People do not constantly frown or laugh, at least not in response to the type of political messages we used during the experiment. The object of interest of EMG analyses is whether people frowned or laughed. To evaluate this, we first cleaned the data as follows: we extracted EMG per second and calculated the change between t and t − 1. There was a time trend in that data. We extracted the time trend by regressing change on time. The subsequent model predictions were subtracted from the transformed data. We subsequently decided on a cutoff value of 10 microvolts as a peak. We kept all increases of 10 microvolts and larger, and for each individual we summed these peaks and logged it to procure a normally distributed variable. We have experimented with several alternatives: using individual cutoff values based on within-individual deviations, sums of all changes, and the number of peaks. In most cases, correlations between the 10-microvolt cutoff point and the other variables were high, and the alternative operationalizations led to similar regression output (see Appendix C.2).Footnote 4

Like all other physiological measures, heart rate variability was registered with the VSRRP98 program (see Appendix A.9). The program contains an algorithm to extract peaks from the raw heartbeat data. We manually checked and corrected the algorithm where necessary. The program also calculates the root mean square of successive differences (RMSSD), which is a standard measure of heart rate variability—that is also used by Soroka, Fournier, and Nir (Reference Soroka, Fournier and Nir2019)—and is based on the standard deviation of the interbeat intervals (Blascovich et al. Reference Blascovich, Vanman, Mendes and Dickerson2014). As we do for skin conductance, we compare the mean heart rate variability during exposure to the message with the baseline. A positive value indicates an increase in heart rate variability compared with the baseline, while a negative value indicates a decrease in heart rate variability.
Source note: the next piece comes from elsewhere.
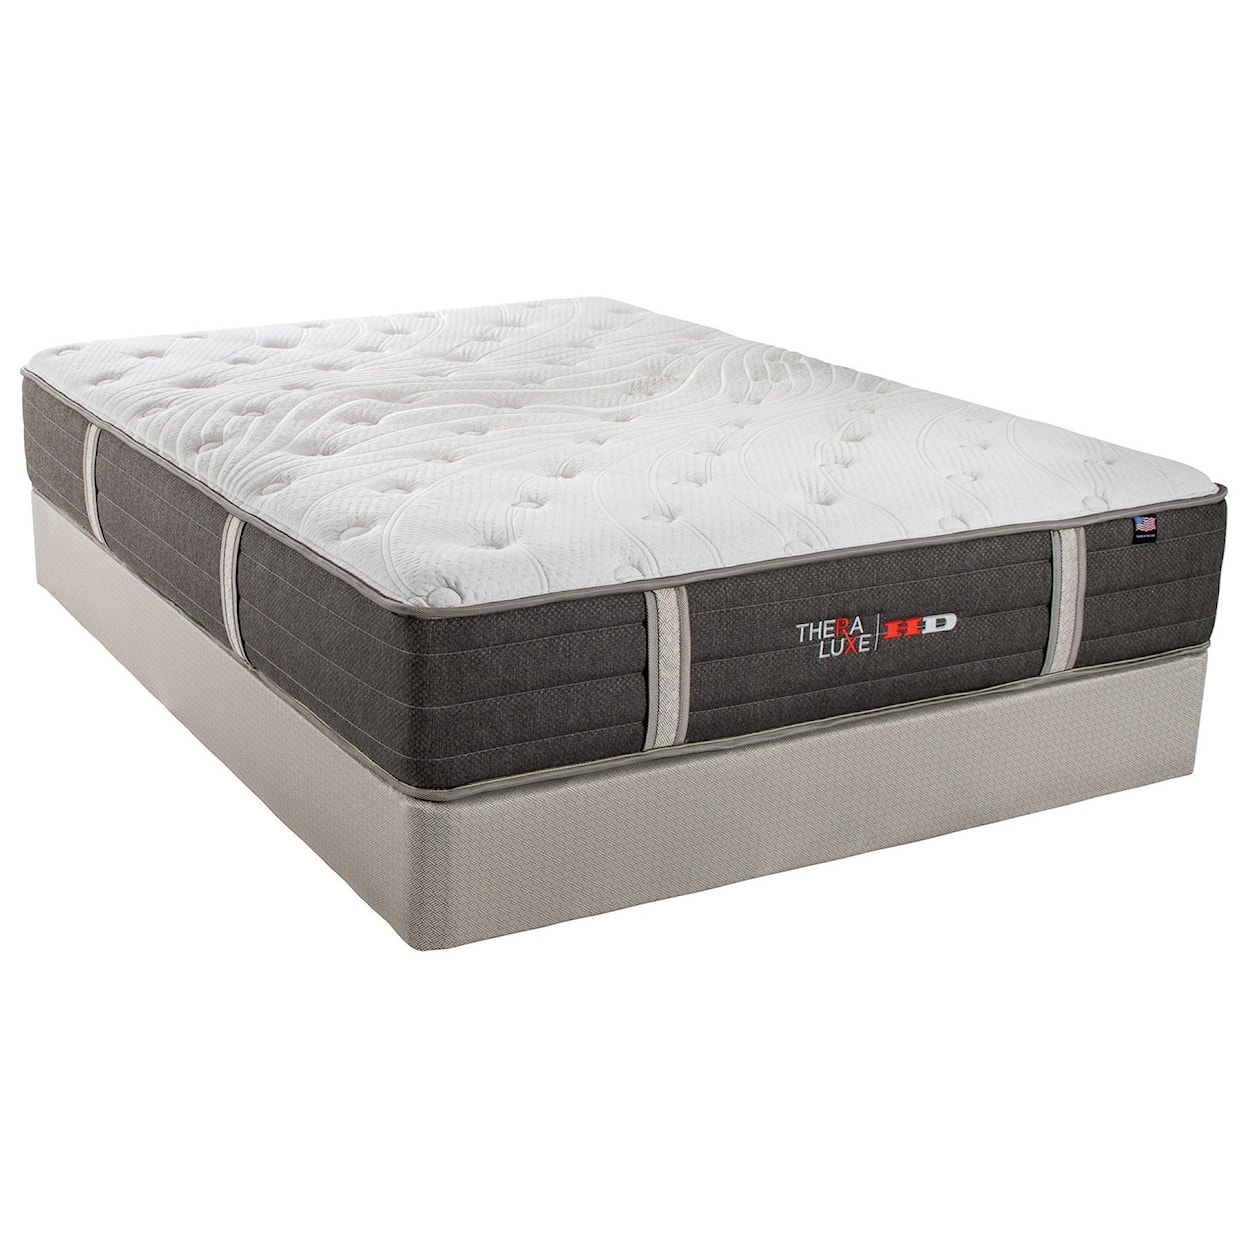 Therapedic Theraluxe Spruce Cal King Pocketed Coil Mattress Set

All physiological measures were visually inspected by the researchers as well as a student assistant blind to the expectations of our study. We cross-checked anomalies with the lab log. In the case of EMG, sometimes electrodes fell off during the experiment, and these data points were removed. In the case of heart rate there were some anomalies due to movement of the participant or improper placement of the measurement equipment. We also removed these data points. As a consequence, the number of observations will differ per analysis of physiological measures.
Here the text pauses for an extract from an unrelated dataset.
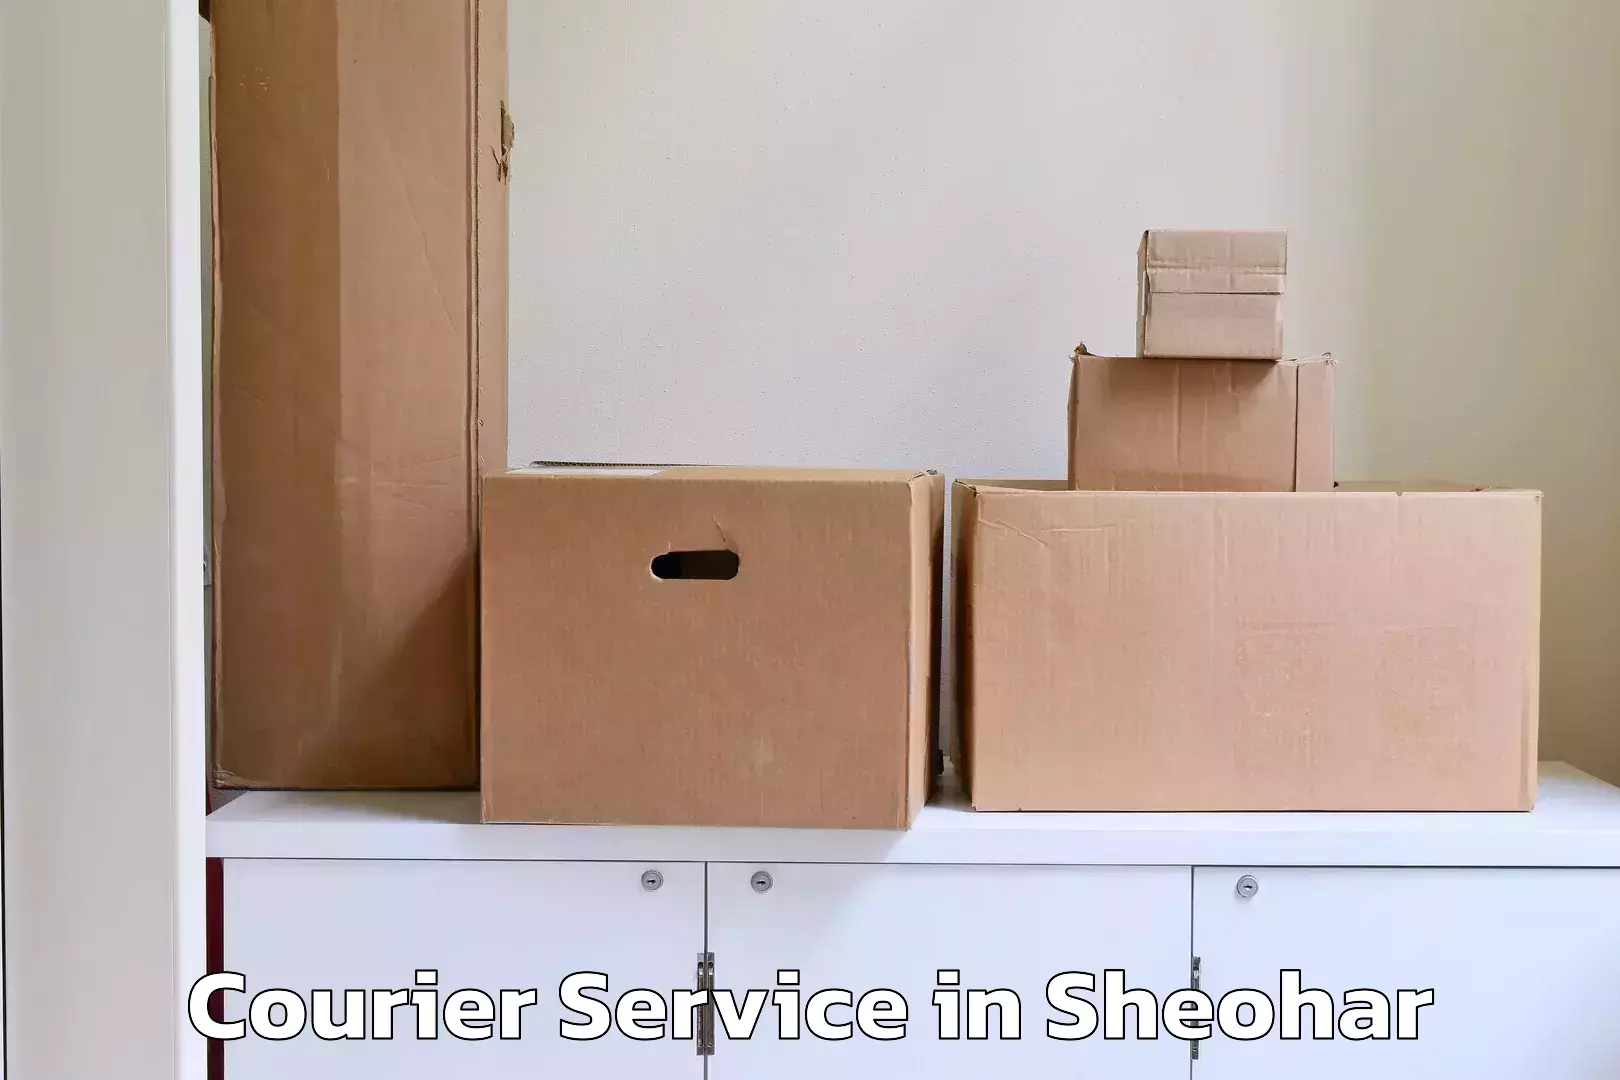 Secure package delivery in Sheohar

In a subset of protocol 1—during the cultural festival (see Table 1)—we asked respondents (N = 143) to self-report their levels of enthusiasm, anger, and anxiety on a 0–100 thermometer in response to the immigration treatment.Footnote 5 In this subset of our data, these measures do not correlate with the physiological measures.Footnote 6 We use these self-reported emotions in the final exploratory analysis concerning the effects of physiological responses (see Appendix A.11 for all correlations between physiology and self-reported emotions).

Method of Analysis

To evaluate our hypotheses, we pool the data across the different clips (N = 961 for arousal, N = 1,032 for negative affect, N = 1,012 for heart rate variability, and N = 429 for positive affect). We pool because of power reasons. Similar to earlier psychophysiological studies (e.g., Mutz Reference Mutz2007; Mutz and Reeves Reference Mutz and Reeves2005; Soroka, Fournier, and Nir Reference Soroka, Fournier and Nir2019; Soroka and McAdams Reference Soroka and Mcadams2015), we expected small-sized effects. A power analysis conducted after the data was collected and based on the regression procedure described below indicates that our achieved power in the pooled analysis of corrugator activity is 0.96. However, once we subset to specific issues, specific clips, or on independent variables, power drops dramatically to values below 0.8 (see Appendix A.1 for calculations). Therefore, we are reluctant to disaggregate our analyses to the individual clips or other subsets of the data.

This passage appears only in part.